Friday, Jul. 23, 1965
Once & Future Continent
AMERICA AT LAST by T. H. White. 250 pages. Putnam. $4.95.
Novelist T. H. White first saw America through the magic casements of Camelot. To his immense surprise, Englishman White fell in love with the ruddy country--or what he saw of it between tryouts of the Lerner-Loewe musical based on his tetralogy, The Once and Future King. He vowed to return, and his opportunity came in late 1963, when he was booked for a three-month lecture tour that was to take him all over the U.S.
Unlike so many English celebrities who descend on the U.S. for a few weeks and condescend forever after, White brought with him an open mind, sharp eyes and immense erudition. His journal, conscientiously pieced together between lecture engagements and airport departures, is largely a testament to the diversity of the U.S. Whether describing a loggerhead shrike in North Carolina or an egghead racist in New Orleans, wandering over Beverly Hills ("reminds you of the environs of Florence and Fiesole") or Washington, D.C. ("the chalk-white city half in love with Time"), White displayed even in this disjointed, unedited chronicle the wit and insight that made his novels classics in their author's lifetime.
White admitted that on such a tour he was bound to see "the best of America, the young, the enthusiastic, the idealistic, the hopeful to learn." He perceived nonetheless that Americans can be crass, narrow-minded and dismayingly conformist. Confined to a New Orleans hospital throughout the ordeal of President Kennedy's assassination and burial, he sensed that the whole nation shared something akin to "a schoolboy's innocent guilt." But White felt that the U.S. today is "something like a modern Elizabethan England" and concluded that "people who live in Renaissances are apt to live with violence." By the end of his three month visit, he had become "an addict to America--worse than alcohol."

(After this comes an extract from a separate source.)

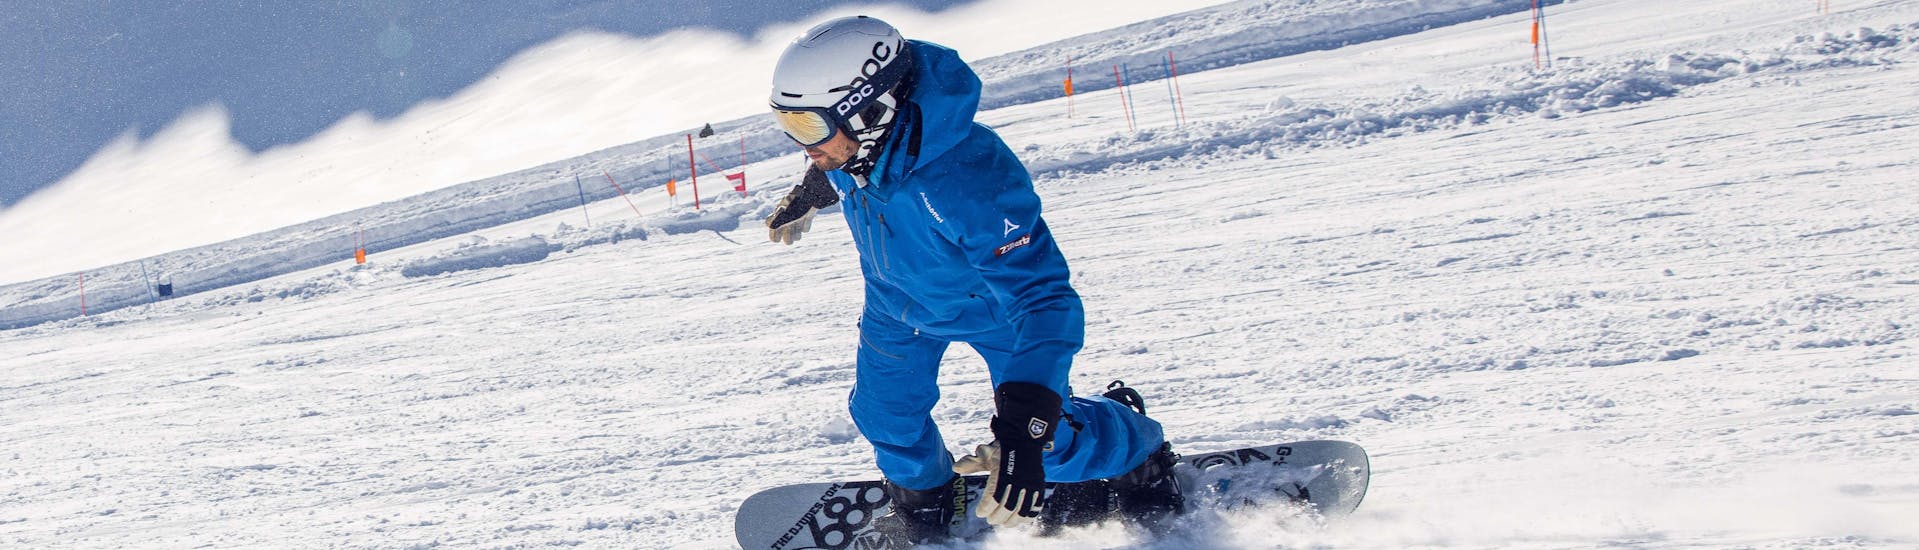 Lezioni private di Snowboard a partire da 5 anni per tutti i livelli con Ski School Skipower Finkenberg.

His two addictions were his undoing. Worn out by his trip and weakened by whisky that he soaked up after--but never during--his lecture tour, he died a month after sailing from New York. He had intended to read dozens of volumes of Americana before publishing his journal. As it is, despite inaccuracies, repetitions and typographical errors that would have dismayed him, White's vision of this once and future continent should be read by every Englishman who visits the U.S.--particularly if he intends to write about it.